**Work order:** Repeat the listing below word for word, minus the pictures.

**Provided data:**

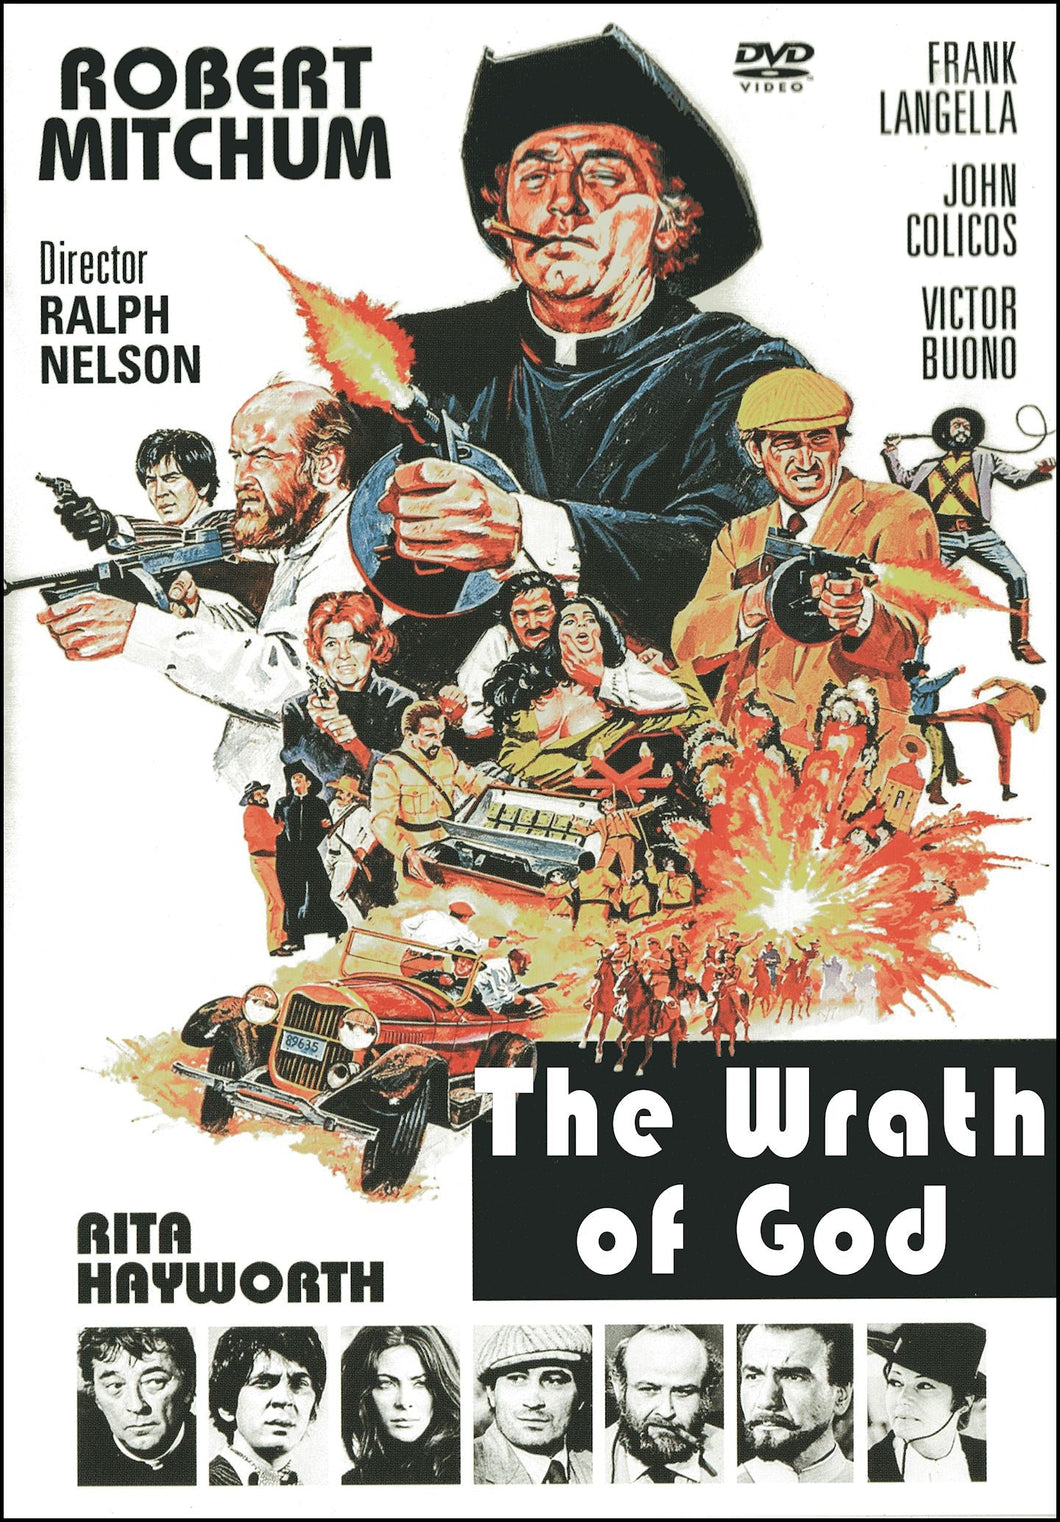 The Wrath of God (1972) DVD Robert Mitchum & Frank Langella
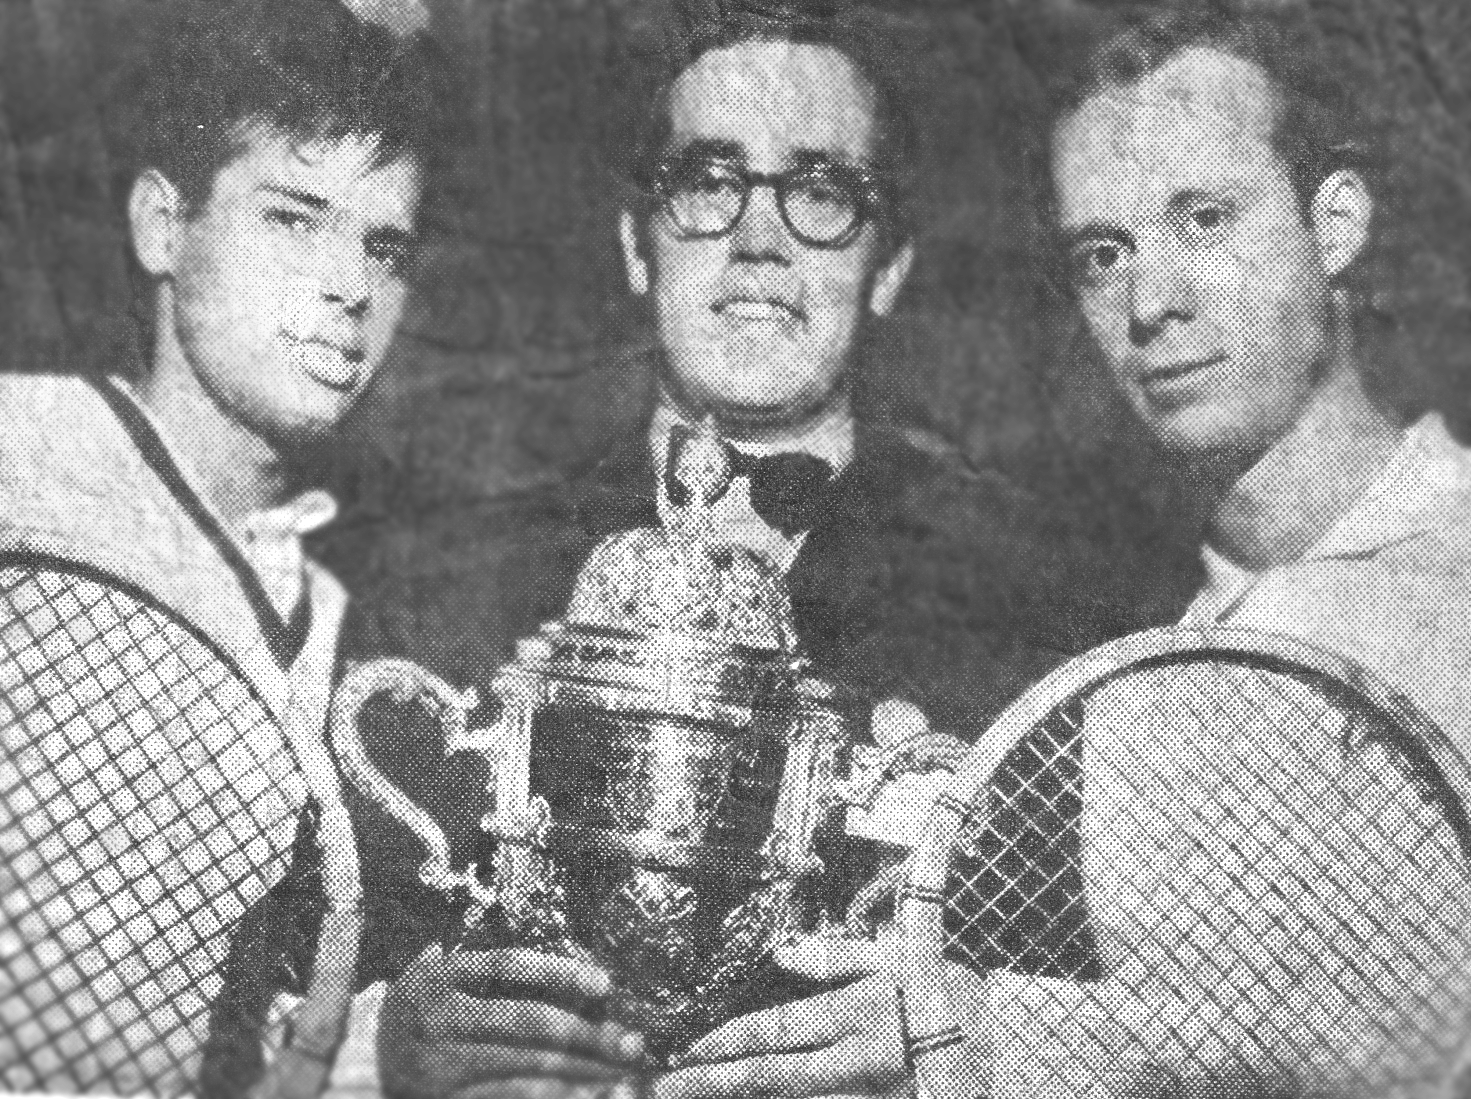 21. 1968 Canadian Squash National – Copy
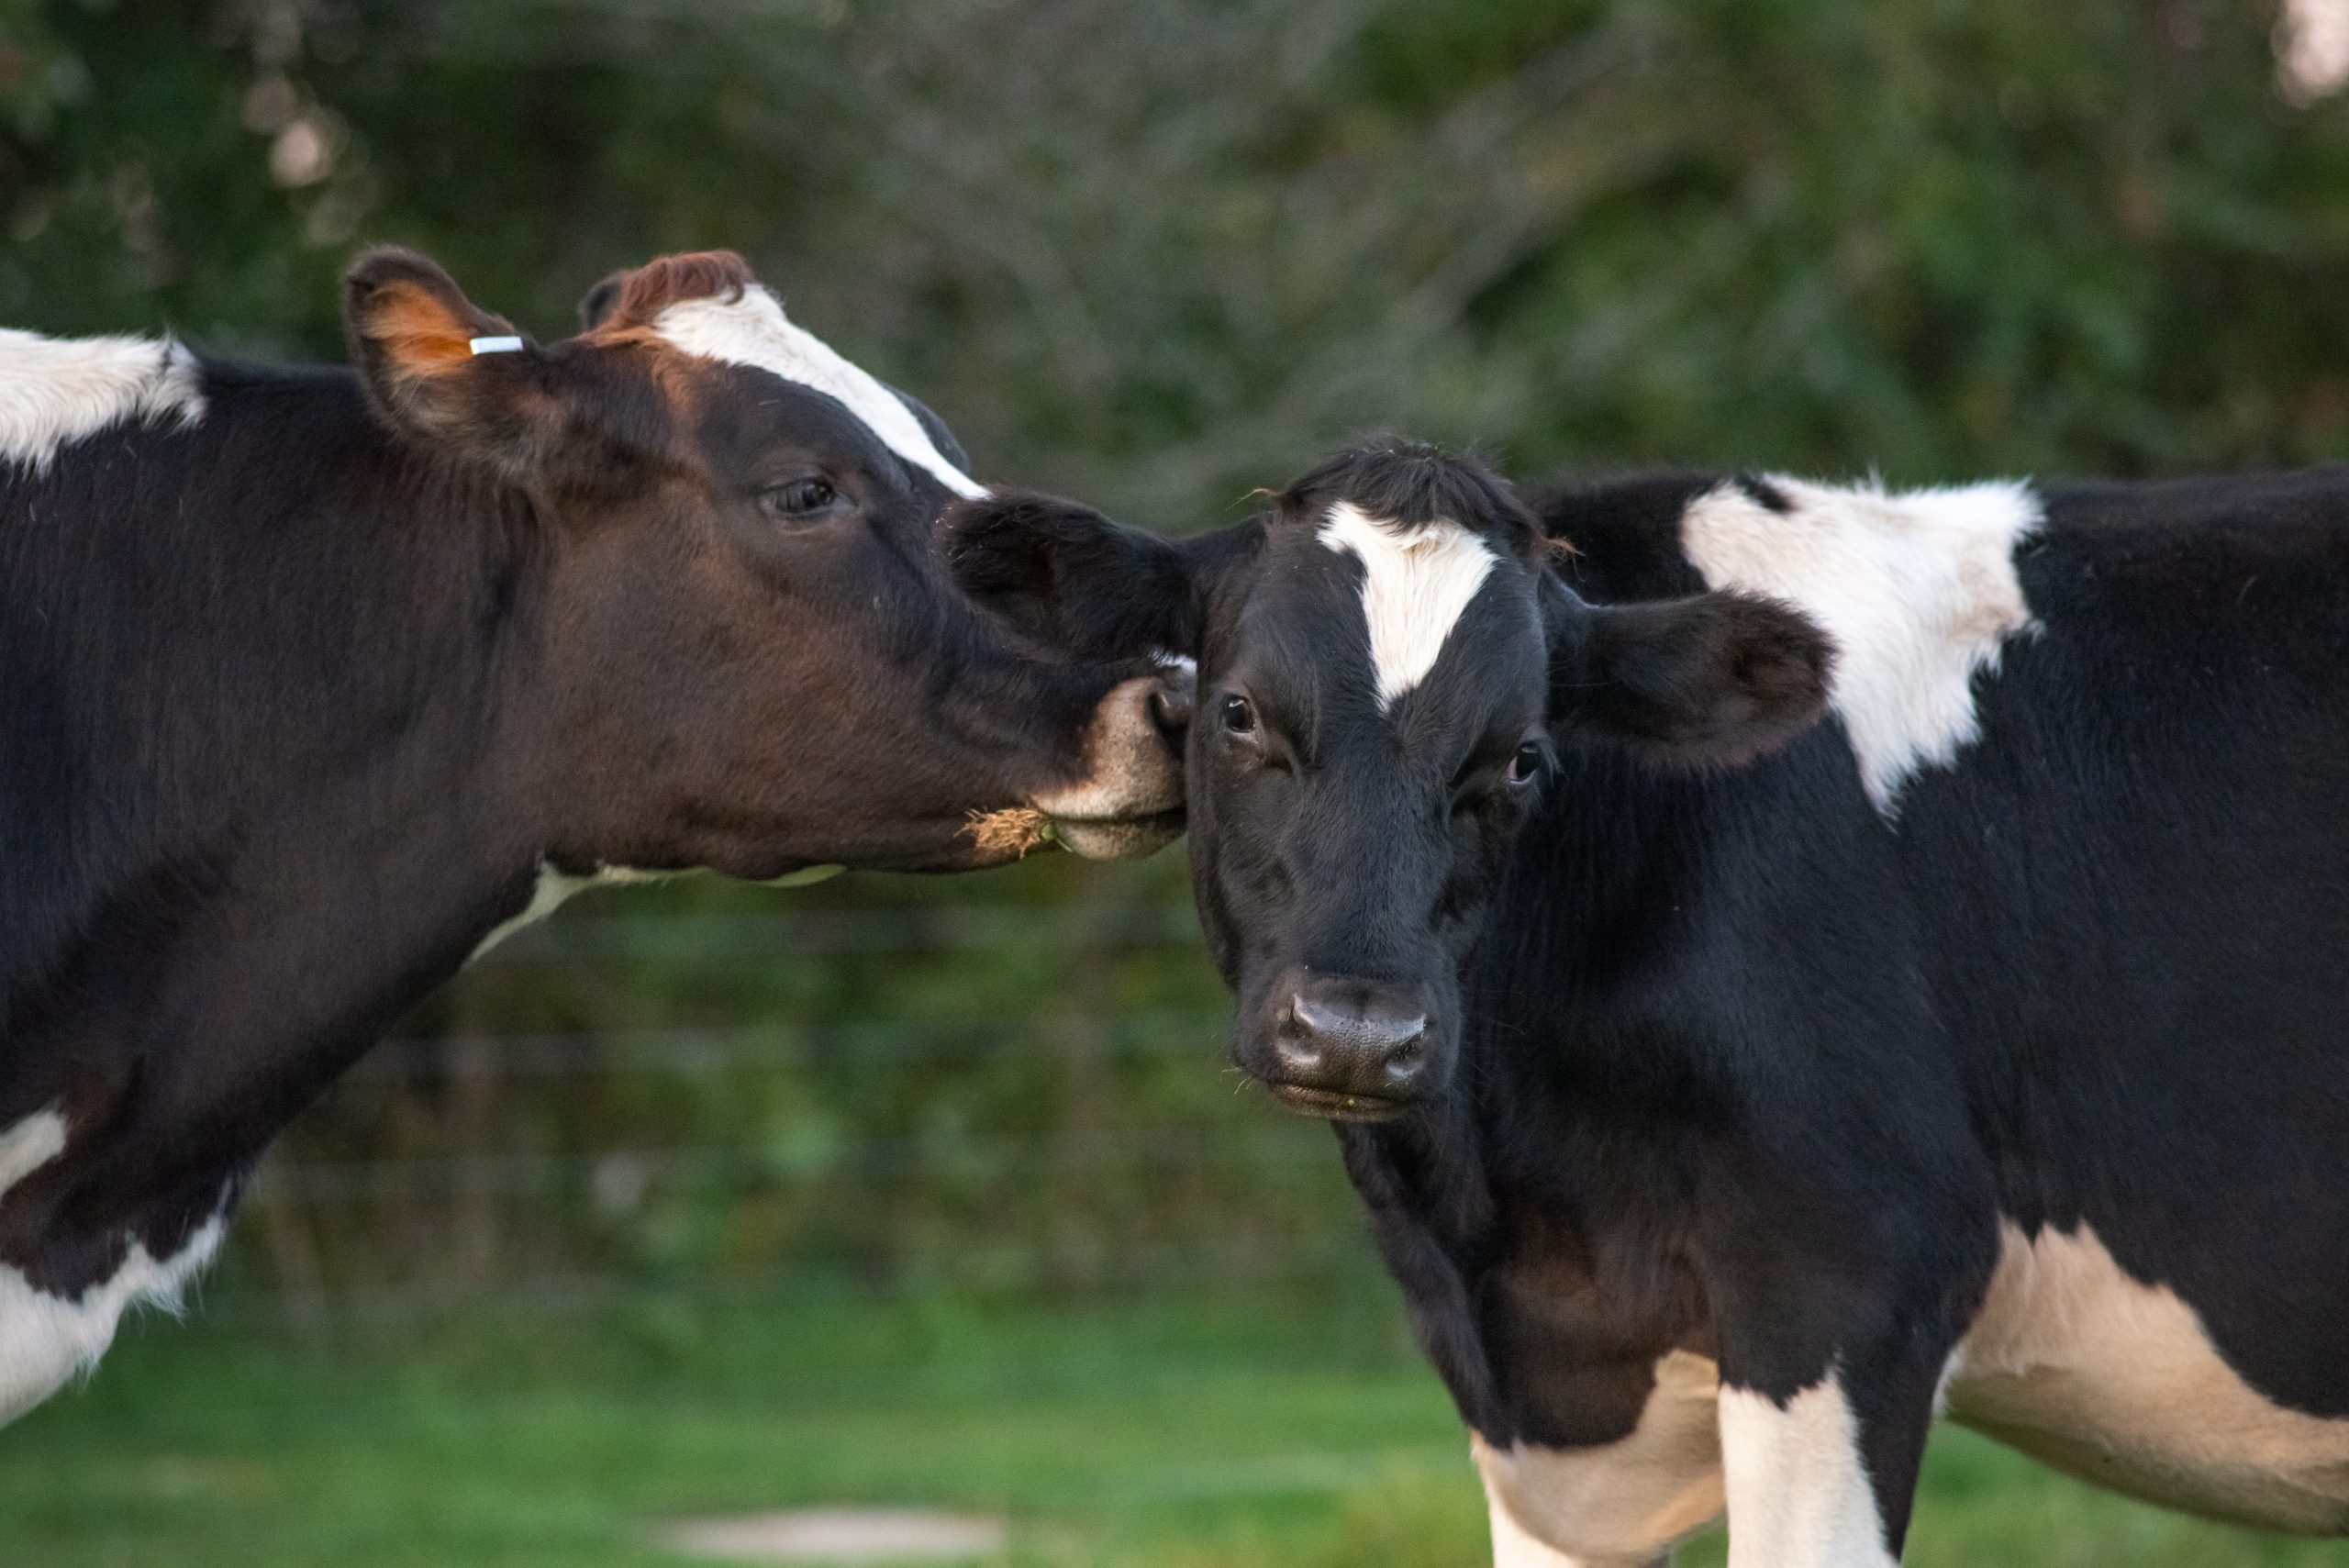 Vertical explainer photo 2 - Snickerdoodle and Michael Morgan calves at Farm Sanctuary.

**Reply to the task:**
 The Wrath of God (1972) DVD Robert Mitchum & Frank Langella
 21. 1968 Canadian Squash National – Copy
 Vertical explainer photo 2 - Snickerdoodle and Michael Morgan calves at Farm Sanctuary.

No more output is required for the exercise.